In the higher education sector, the Access, A+ and Bright Flight scholarships each received full funding, and money was also allocated to allow for a 5.5% increase for state universities’ core budgets.

In a separate bill funded with federal American Rescue Plan Act funds, $104.5 million was allocated for further development of MU’s NextGen Precision Health Institute. The research facility, which opened in October, is dedicated to medical technologies tailored to each patient based on factors such as genetics and lifestyle. Each public university in the state would get its top priority capital project.

Still, some House members felt more money could be going to the state’s public colleges and universities.

“This is a safe place to invest our dollars in the future of our state,” said Rep. Peter Merideth, D-St. Louis. “In growing our workforce and saying we, as a state, prioritize higher education, prioritize workforce development.”

More than $10 billion was allocated to K-12 schools, but Democrats noted the budget fails to fund the teacher pay raise proposed by the governor. Gov. Mike Parson proposed a $21.8 million program that would match local school district funds to hire and retain teachers, along with raising their base salary to $38,000 per year.

Rep. Maggie Nurrenbern, D-Kansas City, said the bill underfunds school transportation, which she called “our most basic obligation to schools.” About $114 million is allocated to school transportation costs.

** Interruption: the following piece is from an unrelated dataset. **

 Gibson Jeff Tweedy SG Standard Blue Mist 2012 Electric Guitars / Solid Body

She and other Democrats raised alarm at the growing number of school districts across Missouri that have opted to implement four-day weeks — decisions they say are due to districts’ inability to fund the traditional five-day week. They noted the trend causes problems for parents coordinating child care, disproportionately takes women out of the workforce, and puts strains on teachers who must still meet certain academic standards.

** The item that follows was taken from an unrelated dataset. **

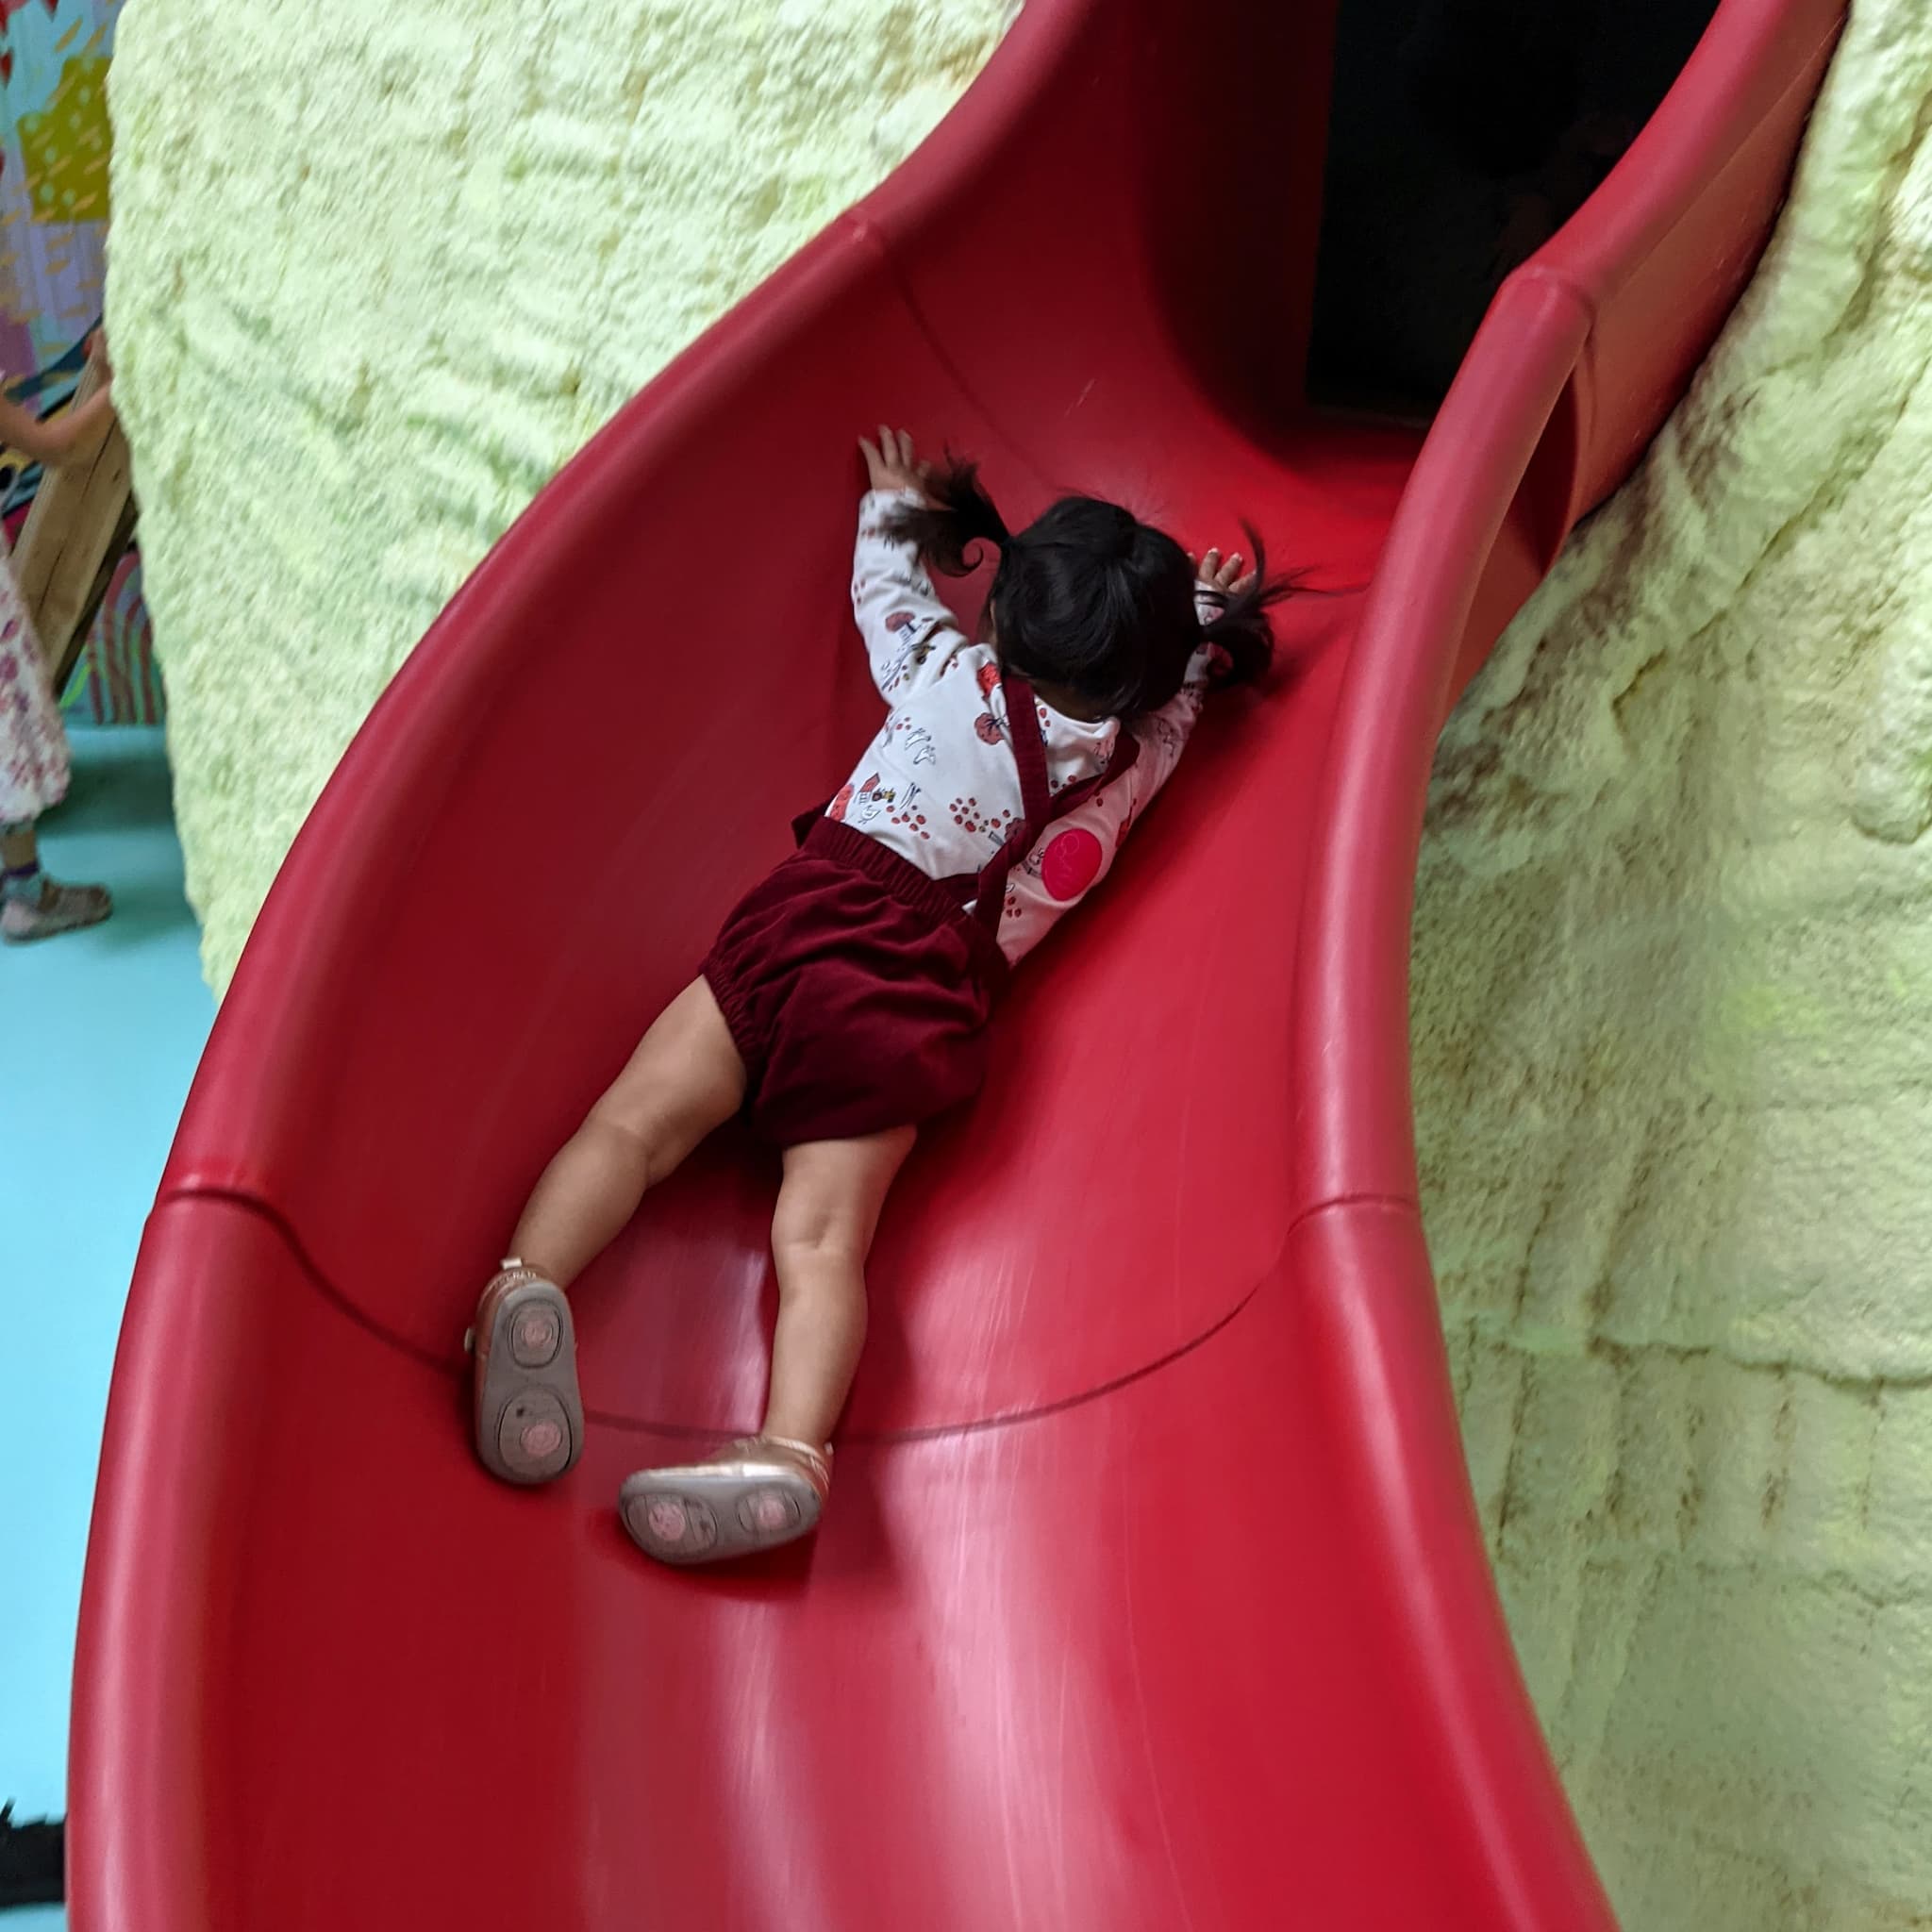 Baby girl sliding down a slide on her belly.

But the main subject of debate was the general revenue surplus. Republicans advocated for saving the money.

“A hungry nation has but one problem. A full nation has many,” said Rep. Rusty Black, R-Chillicothe, who chairs the Appropriations Subcommittee on Education. “We understand we’re a full nation, aren’t we? We have so much money that we’re talking about that we’ve created problems, almost, with these additional funds.”

Referencing Black’s statement, Merideth said the surplus should be put toward addressing equity gaps and longstanding problems.

“We still have a lot of hungry individuals and a lot of hungry institutions in our state that we’ve been starving for the last couple decades,” he said. “The actual end result of this funding approach is less equitable funding.”

The bills are now headed to the Senate, where leadership said it’s likely there will be negotiations to spend at least some of the surplus.

“I certainly agree with the idea that we’re definitely not going to spend every dollar,” said Senate Majority Leader Caleb Rowden, R-Columbia. “I do not think we will leave $1.8 billion … I think we’ll find a good, reasonable middle ground.”

Republican and Democratic leaders in the Senate expressed desires to fund the governor’s proposed pay raise for teachers.

“If we’re going to ask as much as what we ask of our teachers and have a job that requires such passion, they shouldn’t be buying school supplies for their kids out of their own pockets. We should be providing them with a living wage,” said Senate Minority Leader John Rizzo, D-Independence.

Rizzo also criticized the House for not passing the budget sooner. The budget is required to pass through both chambers by May 6, according to the Missouri Constitution.

“This is way too late in the game,” he said. “We’re going to be really butting up against that constitutional deadline. I just don’t understand the process by which politically, constitutionally, ethically, why they’re dragging their feet.”